# Good compact subs



## Guest (Apr 24, 2008)

Does anyone have any thoughts/experience on compact subwoofers? Products from Sunfire, Velodyne SPL/DD 10-12, come to mind. Basically any subwoofer that is around 1 cubic foot, but has a high-excursion driver and high power would fit the generic description. I'm not in the market for one, but just curious as to other people's perspectives and how they're using them to produce big bass without taking up big space.


----------



## tonyvdb (Sep 5, 2007)

The Yamaha YSTFSW100 sub has a long excursion small driver and a unique design so the footprint is very small compared to "normal" cube subs.
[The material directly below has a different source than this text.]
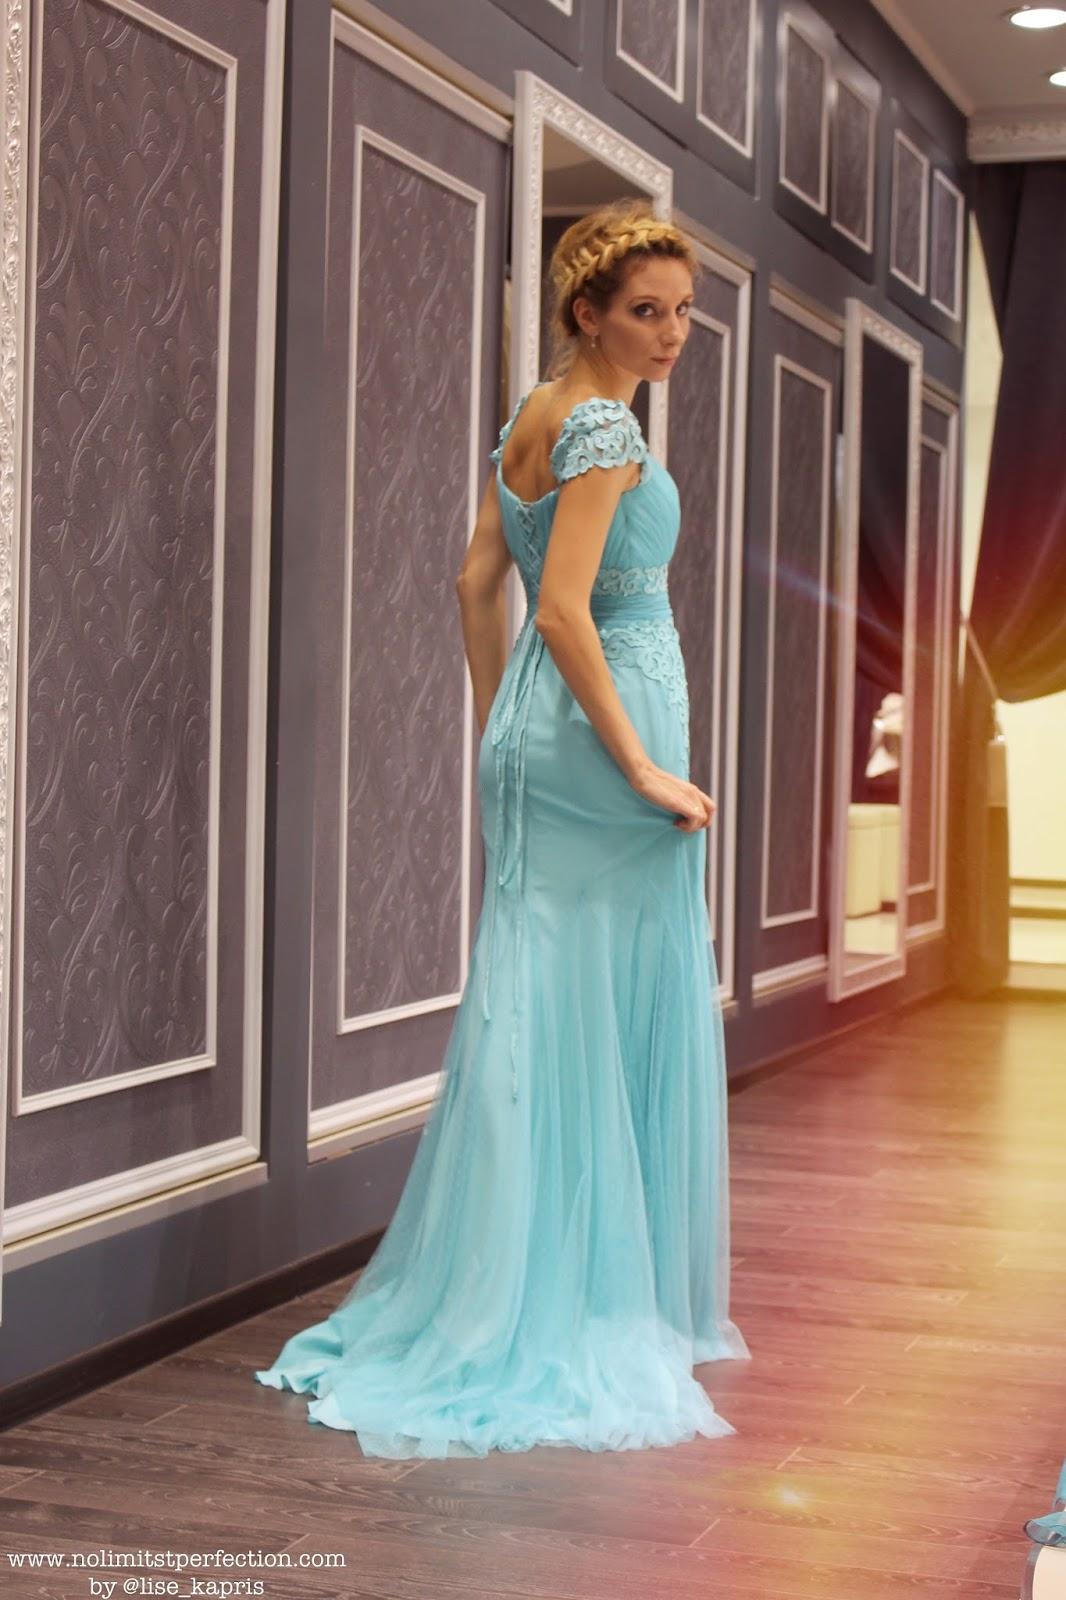 Top fashion bloggers Lise Kapris
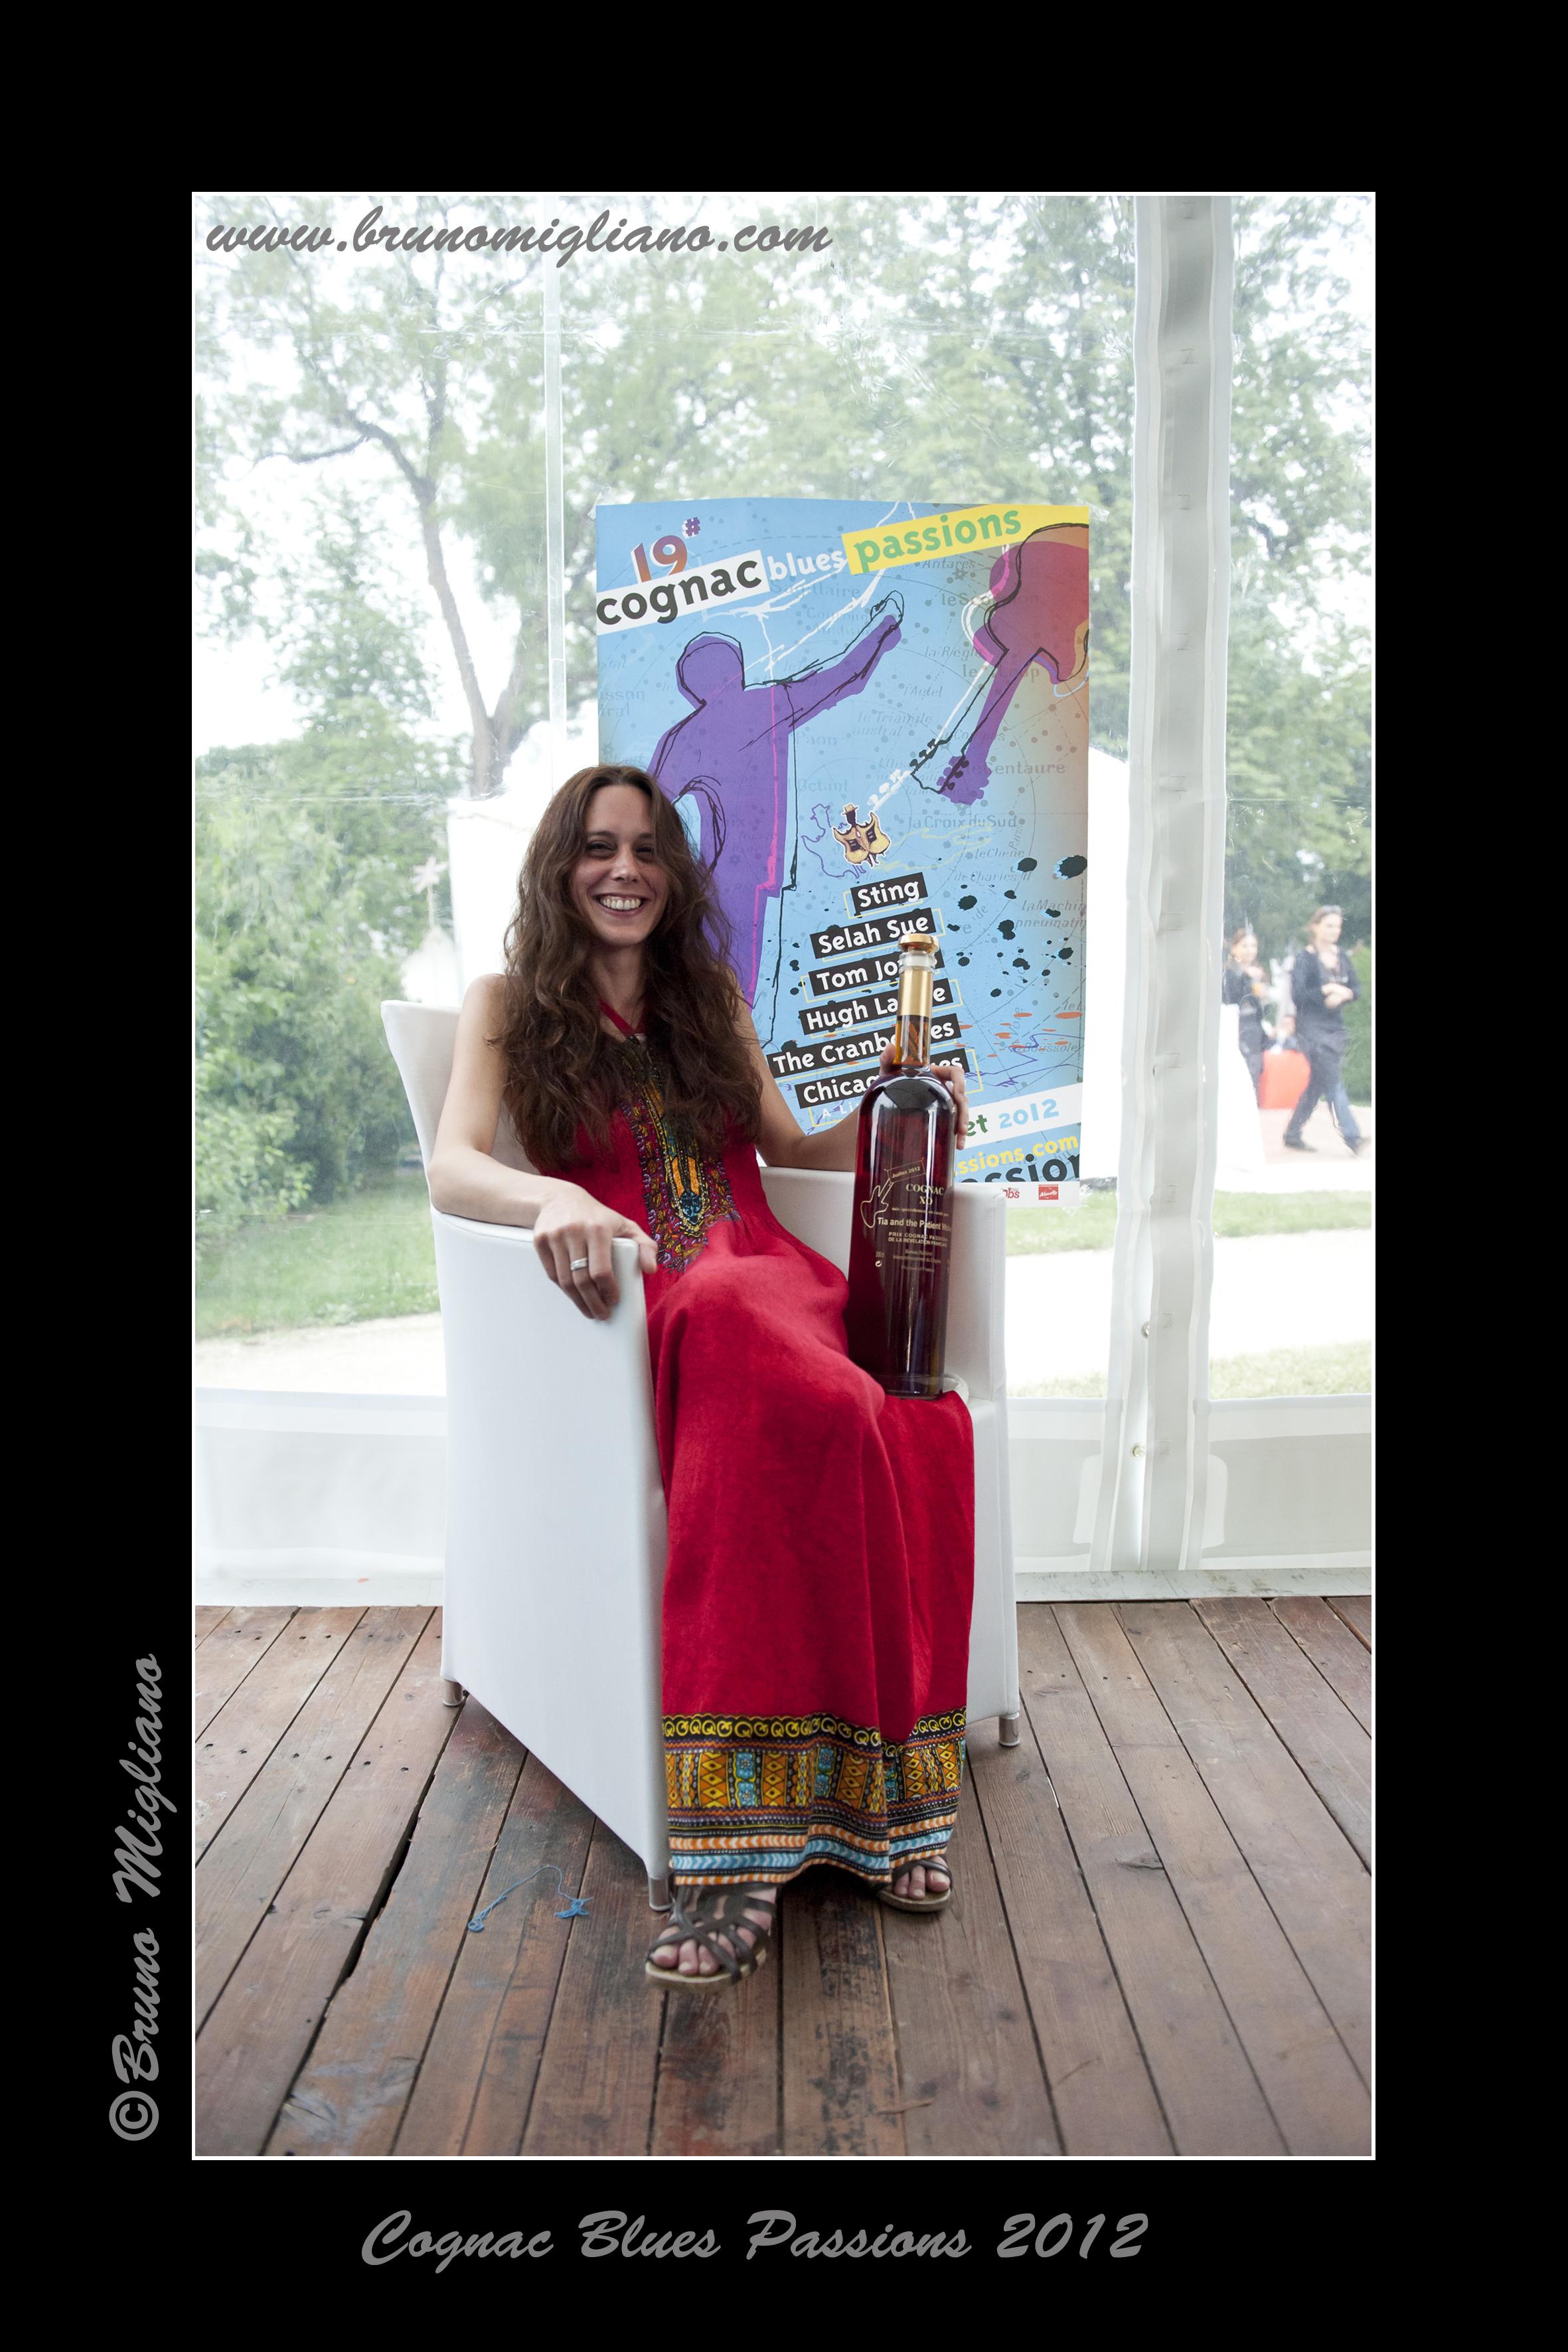 Cognac Blues Passions Award (FRA) 2012 - Tia - Photo Bruno Migliano

I have one lying around that I dont use but it only has a 6.5" driver and produces a fair amount of bass considering the size.


----------



## mdrake (Jan 31, 2008)

Small sub that rocks and goes deep = $$$$$$$$$$$$$$$$$$
You need a high power handling, huge Xmax woofer, an LT circuit and a HUGE amp. 
The JL Fathom gets great reviews I have not had the chance to hear one yet. 

Matt


----------



## mojomike (Feb 12, 2007)

For it's size and price, the SVS SB12 Plus does a superb job with music and a decent job with HT especially in a smaller environment.


----------



## mdrake (Jan 31, 2008)

You know that does make sense. From years of service in car audio I can tell you that JL Audio car woofers are WAY over rated. They are good but there where better lesser known speakers like the Eclipse "TC Sounds" woofer. So, it only makes sense that the JL is now over rated in home audio. :bigsmile:

Matt


----------